Народный защитник, улыбаясь, взглянул снова на судью, уже без тени подозрения и с полным доверием.
– Если я скажу вам, что это была волшебница, то не погрешу против правды. Не будь вы столь уважаемым судьей, я бы пригласил вас в ближайшую пятницу в кабаре «Веселый Париж» и там бы представил вам девушку.
– Девушку? Женщину-даму?
– Ее зовут Тереза Батиста, необыкновенная красавица, мой дорогой. И дерется она еще лучше, чем пишет.

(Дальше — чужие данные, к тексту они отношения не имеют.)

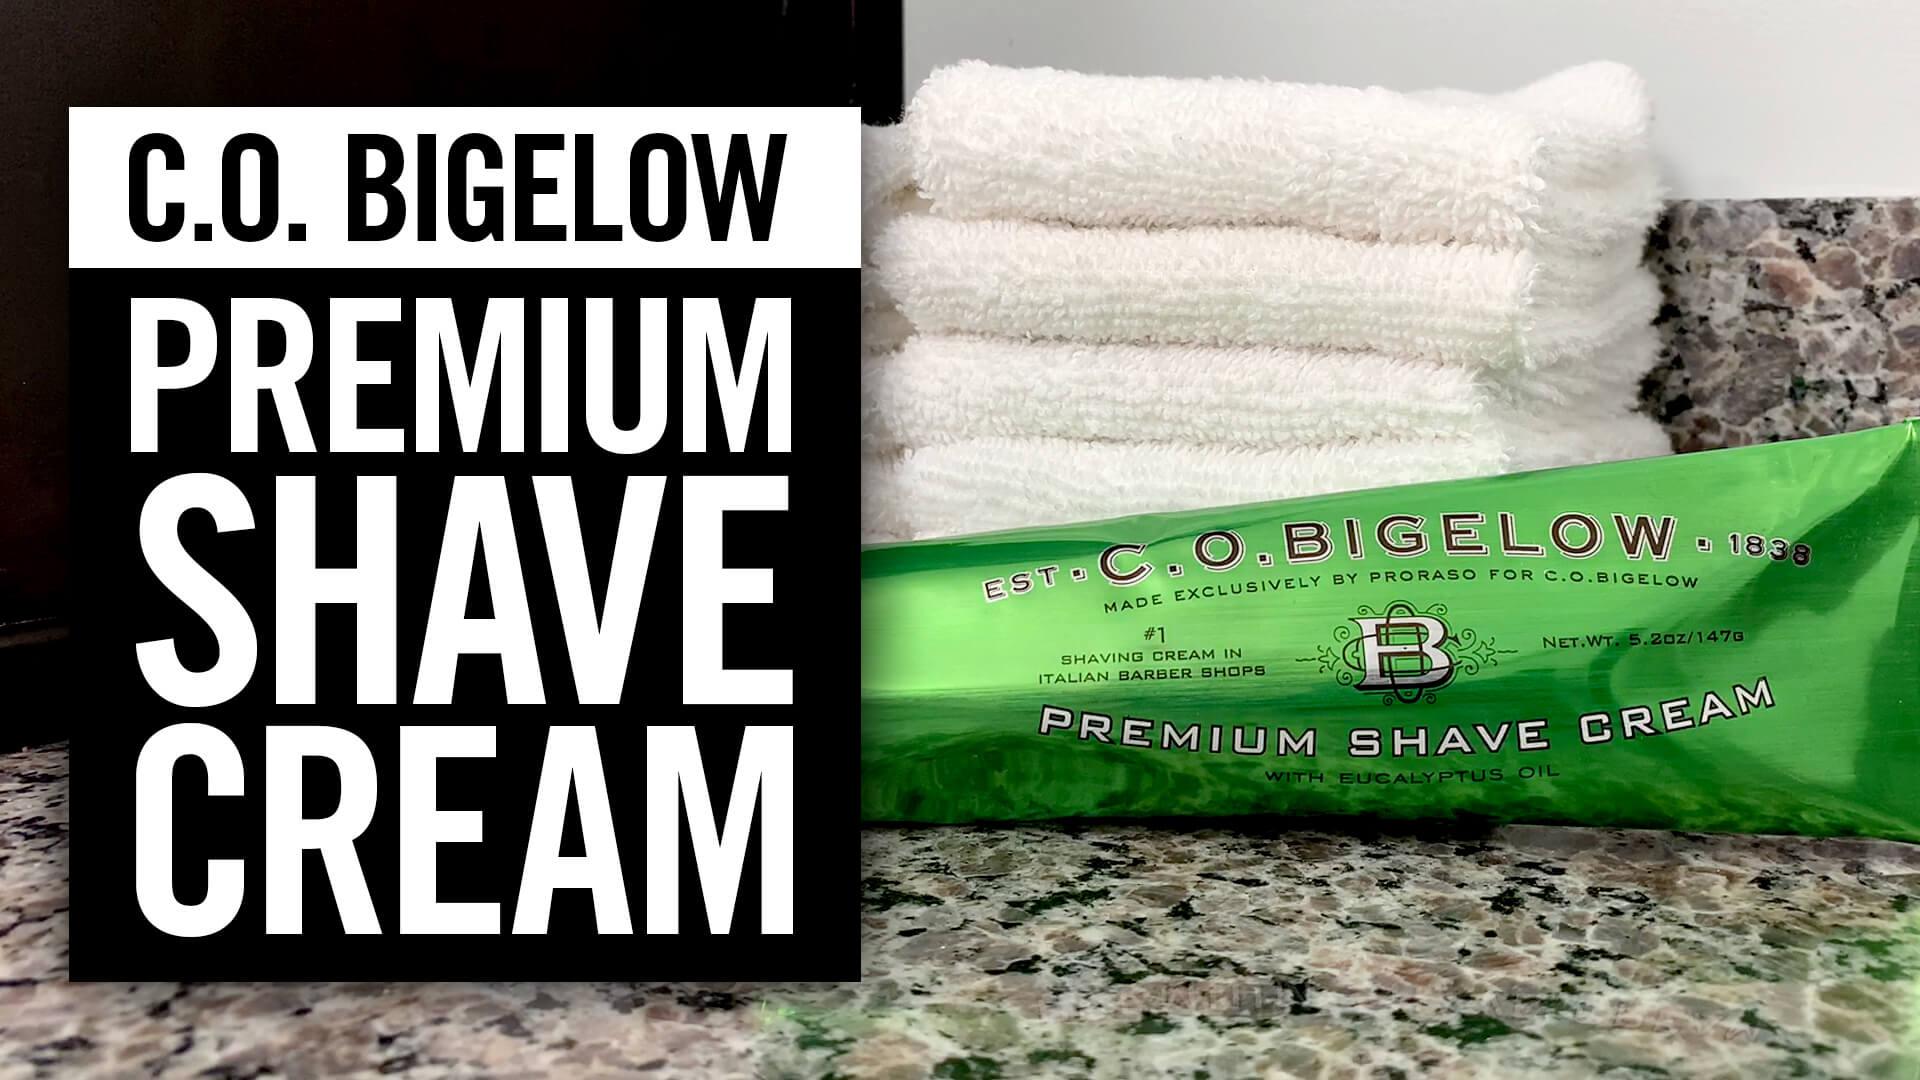 C.O. Bigelow: Premium Shave Cream

Сказал и оставил судью размышлять в одиночестве над удивительными явлениями жизни, иногда почти невероятными: этот процесс, хотя и был соткан из сплошных надувательств, вывел на чистую воду мерзавца и был справедливым. Опираясь на костыли, Лулу Сантос быстро пошел навстречу бакалавру Сило Мело, который поджидал его, раздавленный и униженный, ища поддержки. Уже за дверью народный защитник открыто веселился: ах! Морда Либорио в дерьме!
15
Комедия обманов, как назвал процесс почтеннейший, превратила судебное разбирательство в фарс, где каждый с удовольствием играл свою роль, за исключением истца Либорио дас Невеса, который из бледного превратился в мертвенно-бледного и потерял самообладание в самый неподходящий момент. Народный защитник в эйфории от победы пустился в риторику: здесь, в зале суда, восторжествовала справедливость, виновник наказан, правосудие свершилось.
Ради всего этого стоило так трудиться, как трудился Лулу Сантос. Он отправился к уважаемой учительнице Кармелите Мендосе и всеми силами пытался уговорить её пойти в суд:
– Дорогая учительница, я пришел просить вас предстать перед судьей в качестве свидетельницы и дать ложные показания…
– Ложные показания, Лулу, вы в своем уме? Вечно вы со своими шуточками… Я никогда не лгала, за всю свою жизнь, и теперь не буду. И тем более в суде…
– Сказать неправду, чтобы спасти правду и разоблачить преступника, уберечь от нищеты одну бедную женщину, вдову и большую труженицу, у которой хотят украсть то немногое, что она имеет… Чтобы избежать нищеты, эта женщина, которой уже пятьдесят лет, научилась за десять дней читать и писать. Ничего подобного я в жизни не видел…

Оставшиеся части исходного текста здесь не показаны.